4 thoughts on “Global Study: Alcohol Is Bad For You (Surprise)”

  1. “If you’re one of the third of all humankind who drinks alcohol, take note: There’s no amount of liquor, wine or beer that is safe for your overall health, according to a new analysis of 2016 global alcohol consumption and disease risk”

    Is that really what is being said in the study?

    The study made many claims about “increasing amounts of alcohol” being associated with x/y/z, but the few sections that really specified outcomes based on low amounts of drinking seem to give a picture of lower mortality/etc with <100g of alcohol per week.

    For example: http://puu.sh/BlqLS/a20c071d7f.png

    – a much lower risk of CV Disease and an essentially unchanged risk of all-cause mortality for <100g. In the Discussion: "The main finding of this analysis was that the threshold for lowest risk for all-cause mortality was about 100 g per week."

    Thoughts?

  2. Ellen-

    Is that really what is being said in the study?

    Yeah, that’s really what is being said in the study:

    The total attributable burden of alcohol use was larger than previous evidence has indicated and increases monotonically with consumption. Based on weighted relative risk curves for each health outcome associated with alcohol use, the level of consumption that minimises health loss due to alcohol use is zero.

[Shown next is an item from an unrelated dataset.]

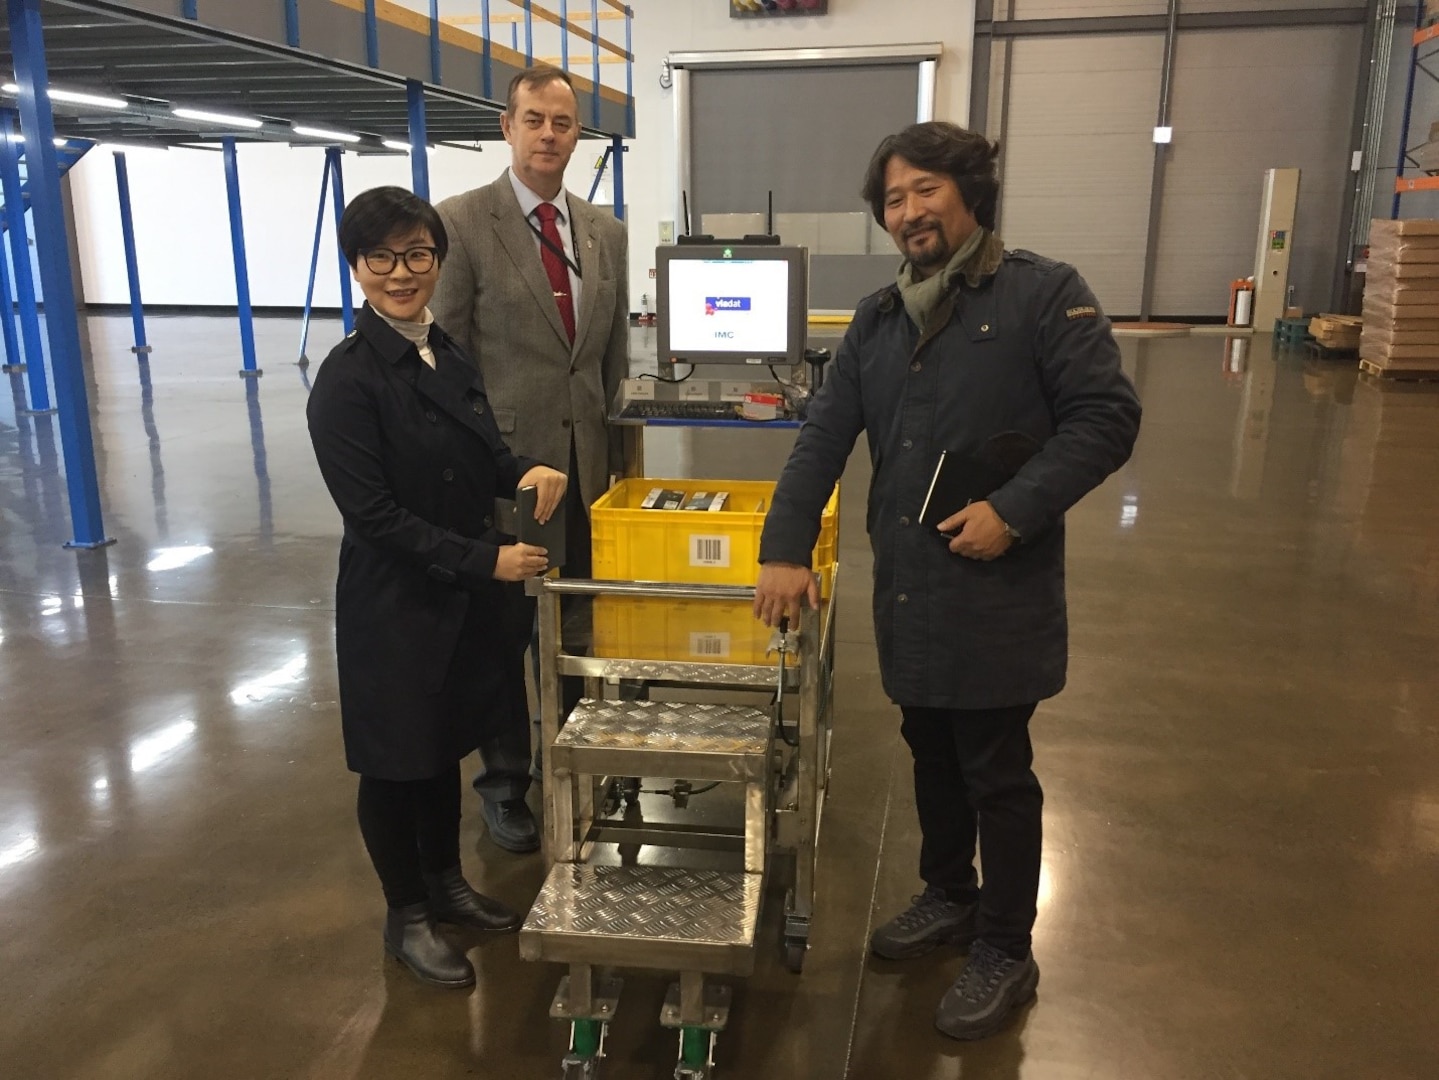 O, Hyon Yong, Dave Harris, and Kim, Yong Ki examining the Taegu Tec mobile cart. The cart is light weight, easily manuverable, has an inexpensive power supply and a built-in step ladder to work in the under mezzine walk and pick area.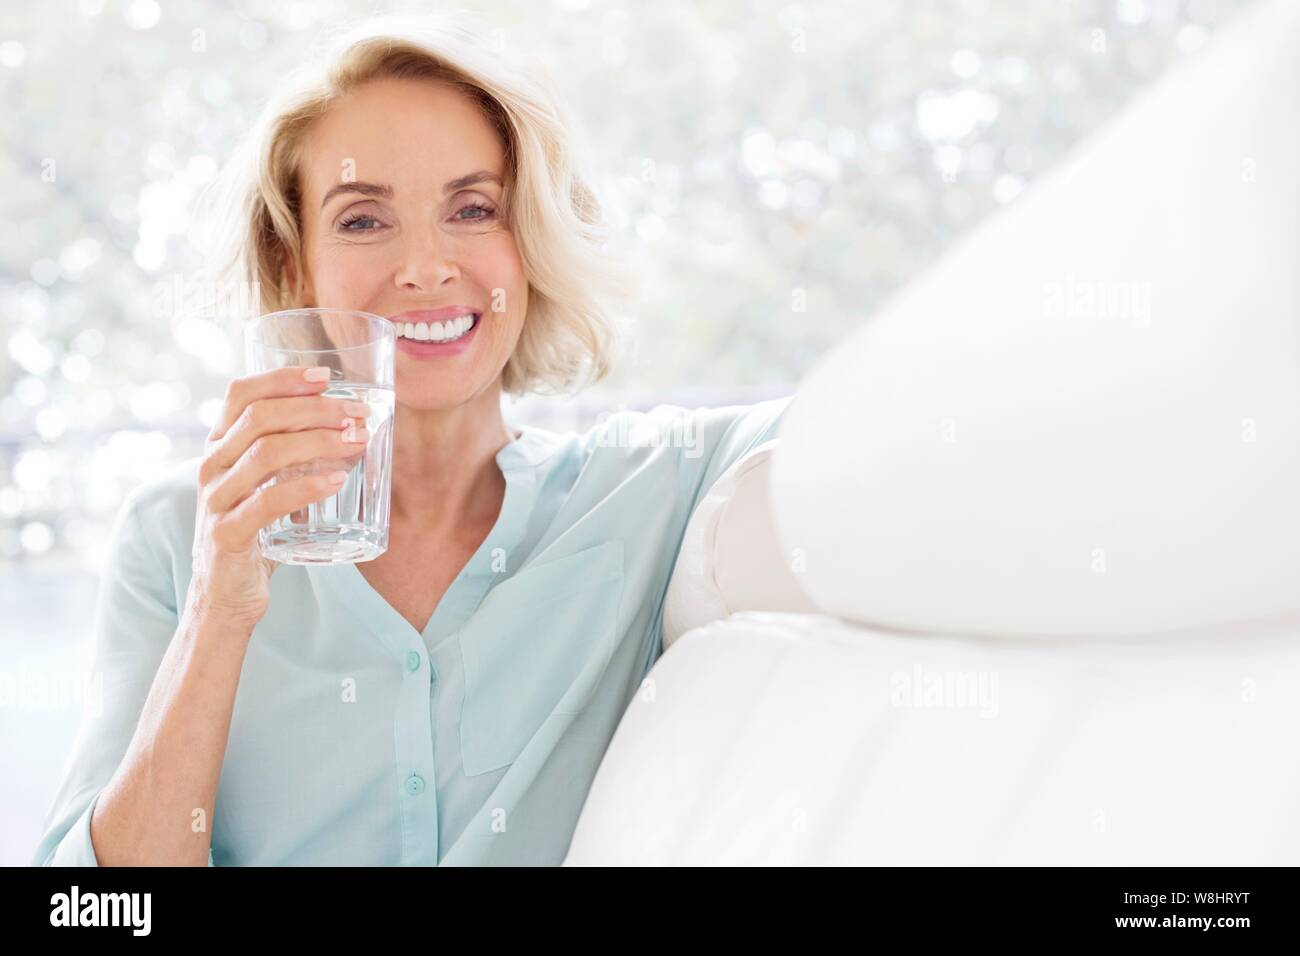 Mature woman smiling with glass of water. Stock Photo

    I added the emphasis to that quote. It comes from the first article, which is the meta-study of ~600 individual studies combined with ~700 additional data sources. The finding of that study (repeating the previous quote) was that:

    The level of alcohol consumption that minimised harm across health outcomes was zero (95% UI 0·0–0·8) standard drinks per week.

    You’re quoting from a much smaller study that found clear evidence that there was benefit in reducing alcohol consumption all the way down to 100g (from anything higher), but then couldn’t discern any additional benefit in going from 100g all the way down to 0g. It’s not really surprising that a single study lacked the statistical power that a much larger collection of studies had. (That’s the primary benefit of larger sample sizes.)

    The logical conclusion is that drinking 100g is more dangerous than drinking 0g, but that the rise in risk is not as marked as it is when you start drinking even more than 100g.

  3. Ah ok. So here are what the results of the big global study show:

    “With this analysis, we only found statistically significant evidence for the J-shaped curve for ischaemic heart disease; non-significant J-shaped curves were observed for diabetes and ischaemic stroke. For ischaemic heart disease, we found a minimum relative risk of 0·86 (0·80–0·96) for men and 0·82 (0·72–0·95) for women, occurring at 0·83 standard drinks daily for men and 0·92 standard drinks daily for women. For all other outcomes, including all cancers, we found that relative risk monotonically increased with alcohol consumption.”

    Meaning there are pros and cons, which is what we originally thought.

    Then, the part you are quoting:

    “In estimating the weighted relative risk curve, we found that consuming zero (95% UI 0·0–0·8) standard drinks daily minimised the overall risk of all health loss (figure 5). The risk rose monotonically with increasing amounts of daily drinking. This weighted relative risk curve took into account the protective effects of alcohol use associated with ischaemic heart disease and diabetes in females. However, these protective effects were offset by the risks associated with cancers, which increased monotonically with consumption.”

    Meaning if we pool it all together and assume equal positive value for protective health effects with equal negative value for negative health effects (all health effects are equal, does not take into account individual preferences), then it is net bad to drink anything.

    But wait!

    ” In a sensitivity analysis, where we explored how the weighted relative risk curve changed on the basis of the choice of weights for various health outcomes, the curve changed significantly only in settings where diabetes and ischaemic heart disease comprised more than 60% of total deaths in a population”

    Hmm what country does that sound like?